Guideline-Based Recommendations

Diagnosis

  • Define perioperative hypothermia as core body temperature below 36.0 °C during surgery.
  • Monitor core temperature continuously during and after TURP procedures.

Management

  • Implement temperature management strategies including warming irrigation fluids.
  • Minimize heat loss during surgery through appropriate warming devices and protocols.
  • Address patient anxiety preoperatively to reduce risk factors.

Monitoring & Follow-up

  • Regularly assess body temperature perioperatively in TURP patients.
  • Monitor for signs of hypothermia-related complications such as delayed wound healing and infections.

Risks

  • Recognize increased susceptibility in older patients and those with underlying health conditions.
  • Be aware that hypothermia can prolong anesthesia effects and increase postoperative complications.

Patient & Prescribing Data

Patients undergoing TURP for benign prostatic hyperplasia, predominantly older males.

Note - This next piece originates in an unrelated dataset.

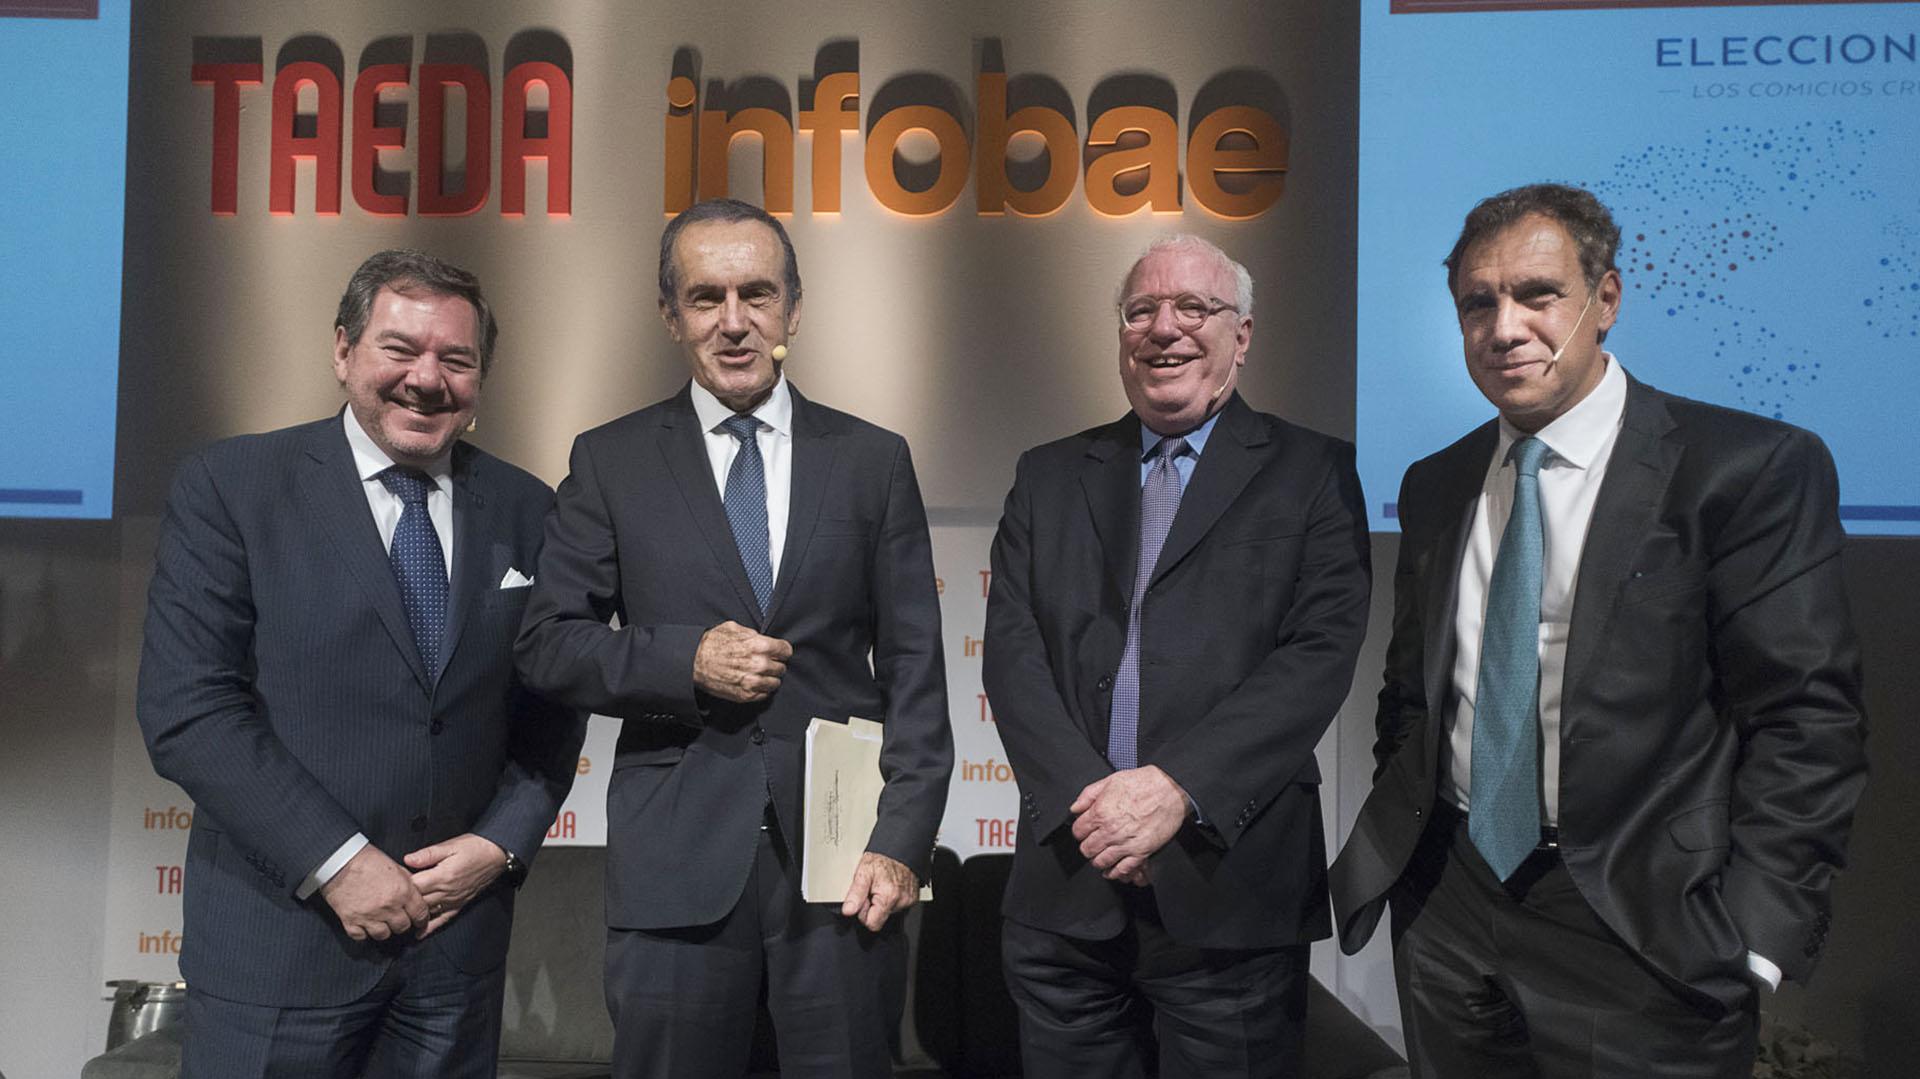 El presidente de la editorial Taeda, Mario Montoto, el periodista Andrés Oppenheimer, el embajador norteamericano Gabriel Guerra Mondragón, y el fundador de Infobae, Daniel Hadad, encabezaron el encuentro.

Temperature management interventions should be tailored to reduce IPH incidence and improve postoperative outcomes.

Clinical Best Practices

  • Use warmed irrigation fluids during TURP to reduce heat loss.
  • Employ perioperative warming devices to maintain normothermia.
  • Screen and manage preoperative anxiety to mitigate hypothermia risk.
  • Conduct systematic temperature monitoring during and after surgery.
  • Consider patient age and comorbidities when planning perioperative care.